All she knows for sure is that she isn’t willing to entertain any concept of a future that doesn’t include Wyatt.
So she tells herself that he will come back like he said he would.
He will find a way because he always manages to pull a miracle out of thin air at the very last second, so why should this be any different?
People like him don’t disappear quietly. She will see him again, she thinks, as she sniffles softly.
When that happens, she can’t decide if she will punch him or kiss him.
Maybe both.
* * *
Addison has watched the horizon every day for two weeks straight. Each time a thread of hope disintegrates, leaving her dangerously close to facing a truth that she’s put off acknowledging. The days blur together as she watches the sky until her neck aches and her eyes burn from the cold wind.
Wyatt isn’t coming back.
It feels wrong to even consider it. He made a promise, and she trusts his intention to keep it, which means only one thing would prevent him from coming home. She refuses to let her mind finish that thought.
All those moments since his confession, when she struggled with her anger and hurt, have long since taken a backseat to the overwhelming urge to see him again. To know that he’s alive and in one piece. To feel his arms around her and see his lopsided, fed-up smile just one more time.
So she spends more time outside than she should, scanning the sky for what could be the last pilot left on the planet and finding nothing but disappointment as the sun sets each time, offering darkness where she longs to see her only light.
The cold settles into her bones. The animals sense the tension and grow skittish. Even the goats who often enjoy the most hilarious acrobatics have stopped doing flips off each other’s backs when she’s nearby.
The land has turned brown and dry to be reborn again come spring. Addison hopes she’s able to pull off a similar feat one day.
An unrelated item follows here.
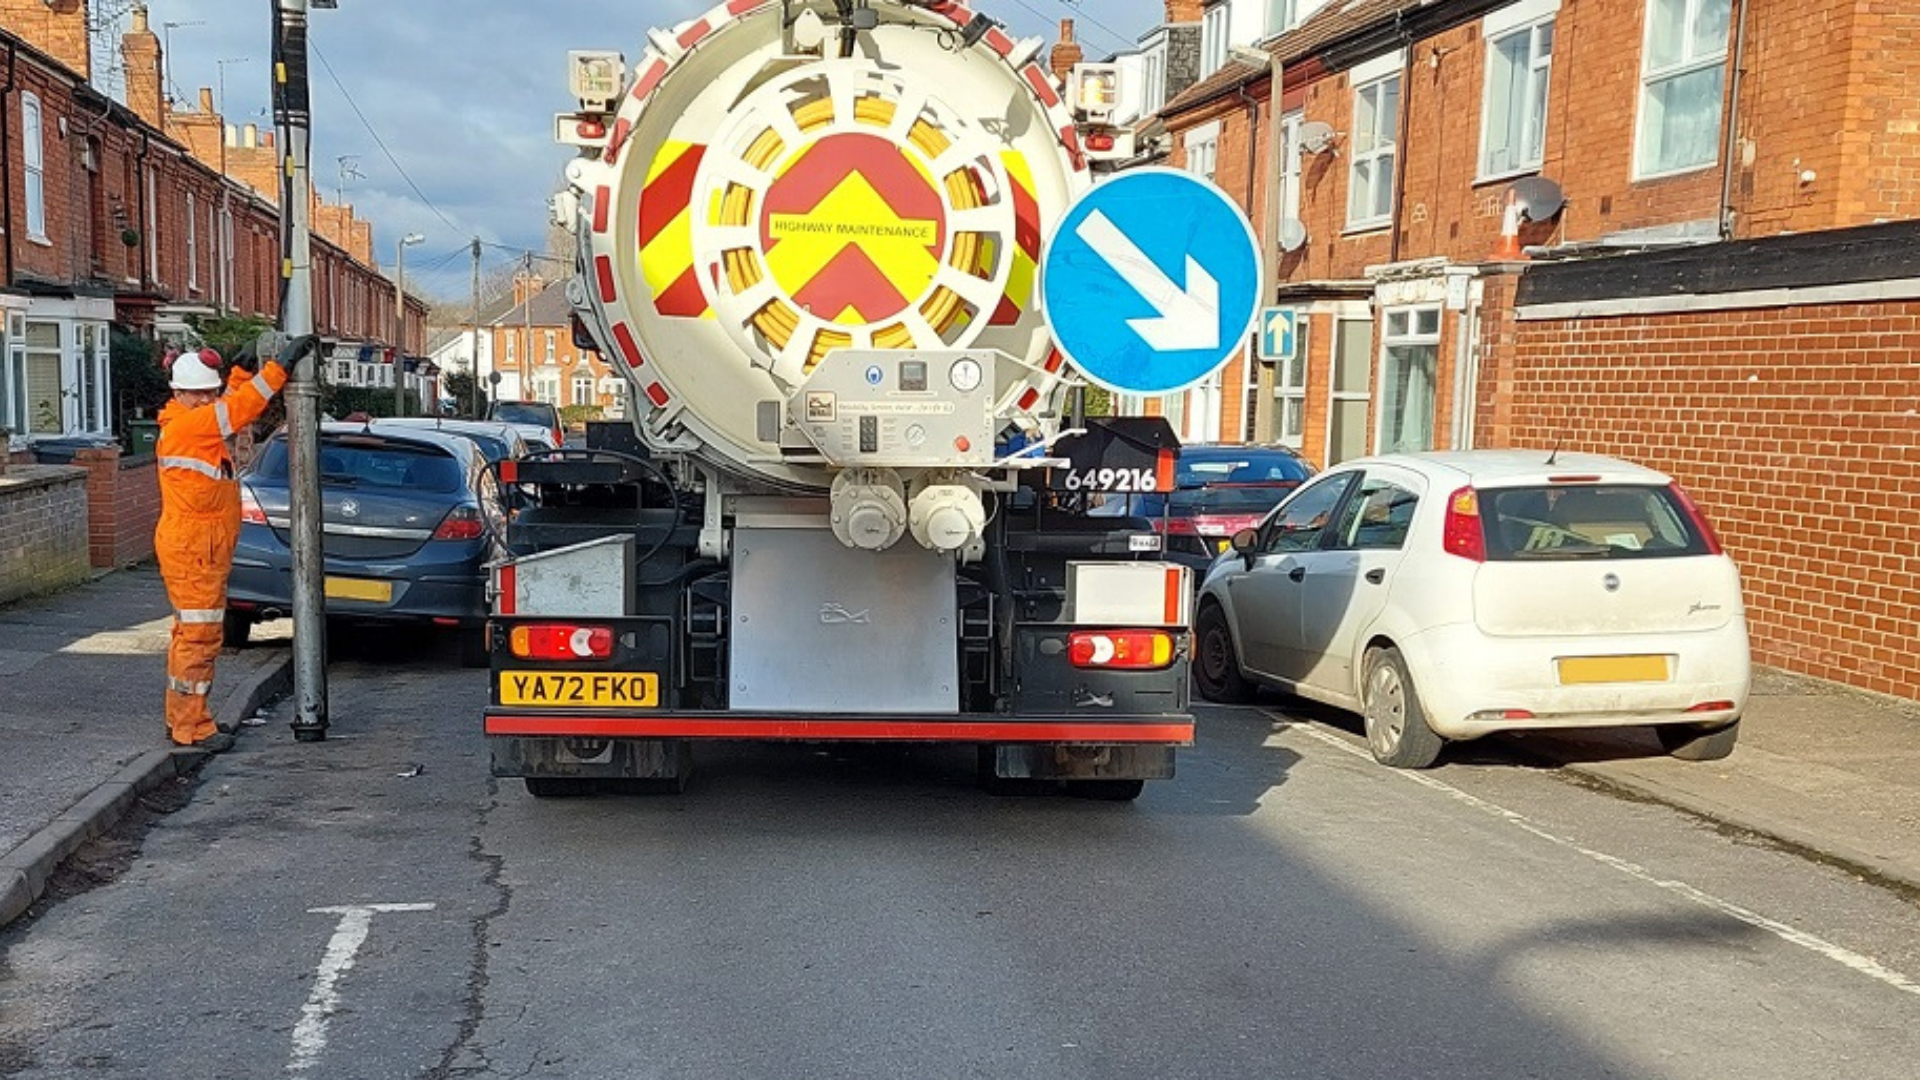 A Highways vehicle struggles to clear drains on a street lined with parked cars

She’s hardly considered the practical element of running two farms alone until now.
Can’t let herself fully process what that means, but with the weather turning and sporadic, vague gunshots further out that filter in through the distance, signaling there are others still out there who could take this place in a heartbeat, she is forced to face the reality of it.
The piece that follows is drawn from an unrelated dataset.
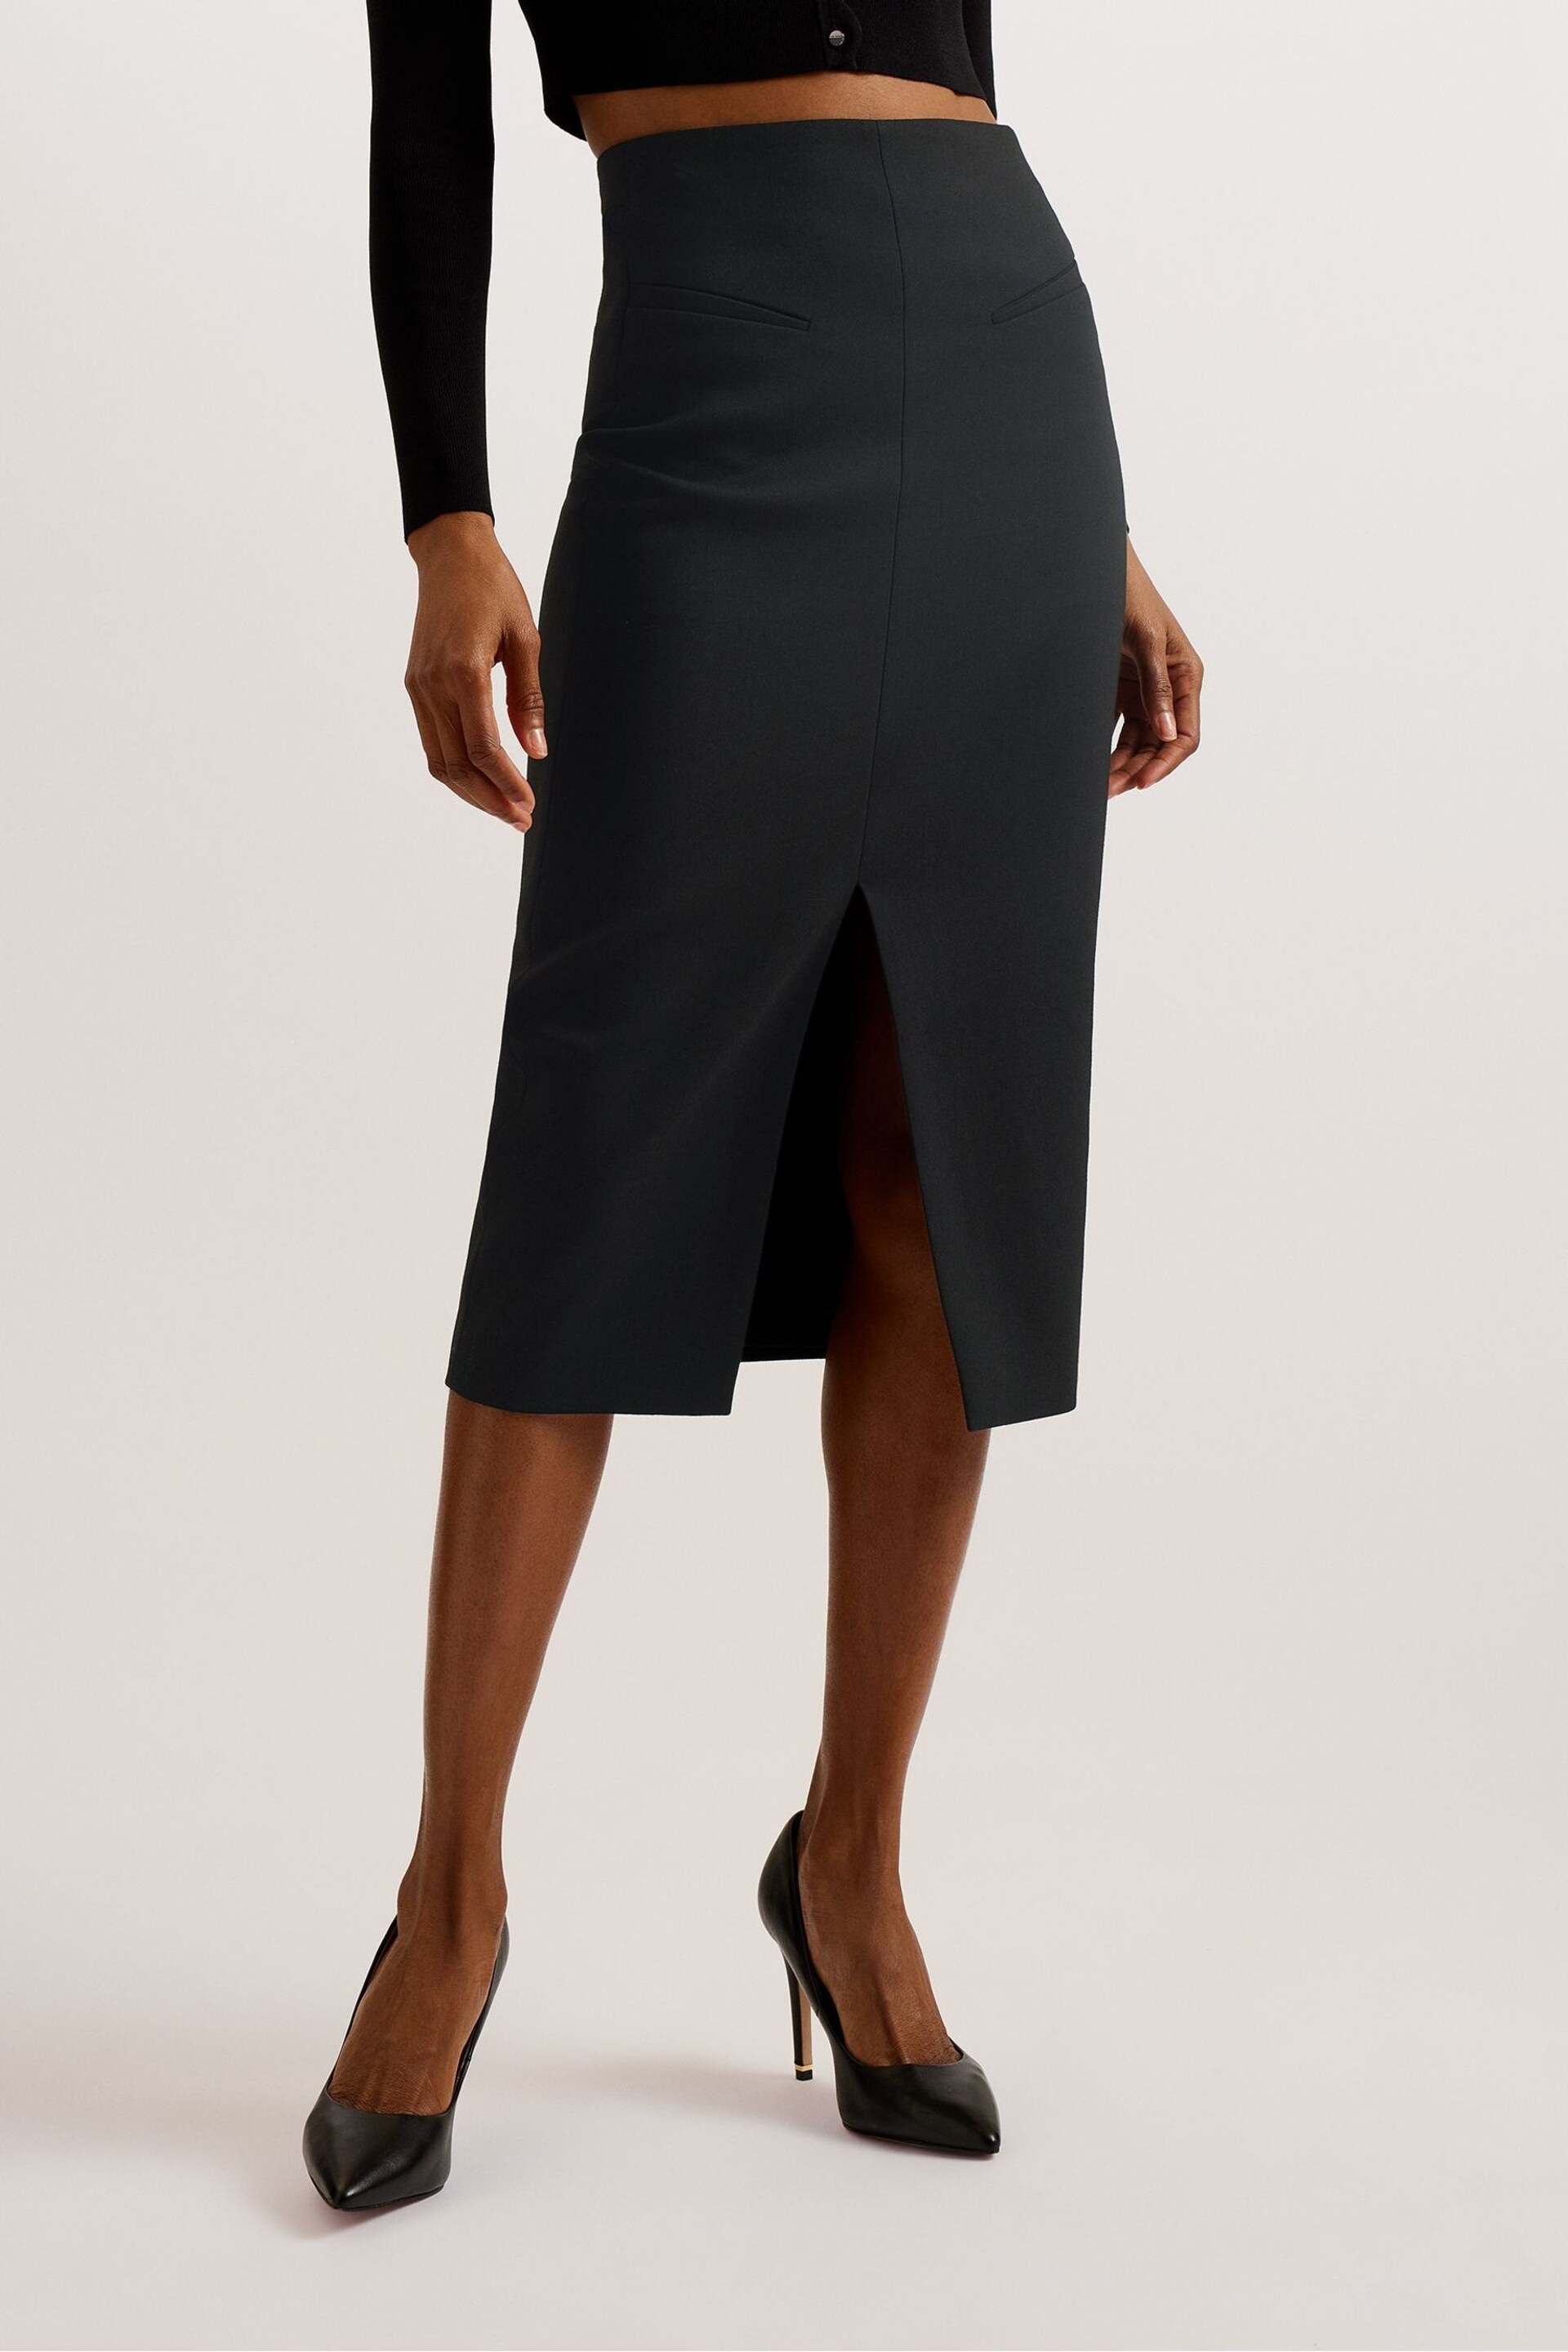 Ted Baker Black Manabus Tailored Midi Skirt With Front Split - Image 2 of 5

She can’t protect their land alone. Isn’t sure if she even wants to try. Maybe the worst part is realizing how quickly he became essential in so many aspects of her life.
The only option is to have a bag ready to flee with should the worst happen, and so she forces herself to do just that. Packing supplies for her and Emma, and setting up a worst-case scenario plan if they get invaded by raiders.
Much as she often wants to wallow in the way her heart has broken into a thousand shattered little pieces, as each day without Wyatt twists the knife tighter, she has a child to think of. She won’t allow herself to crumble completely when it’s her job to keep Emma safe.
So she makes plans and backup plans and several more after that, should the first two fall to shit.
Cover her bases. Hide her emotions. If there is anything her upbringing could be good for, it’s for forcing herself through a turbulent situation and out the other side, even if it feels like she’s dragging half her body along behind her in the process.
“Do you think we should go after him?” Emma asks as the sun rises on the fourteenth day, and they watch the sky bloom into gentle hues of orange.
“No,” Addison replies quickly, so much firmer than she feels. “Not yet. He said to stay here, and so that’s what we’ll do.”
“Not yet?”
“Maybe one day. When it’s been long enough that we know he’s held up by something he can’t overcome. When you’re older and when the weather isn’t quite as cold. Maybe then we’ll leave this farm and head west.”
She hopes that day never has to come.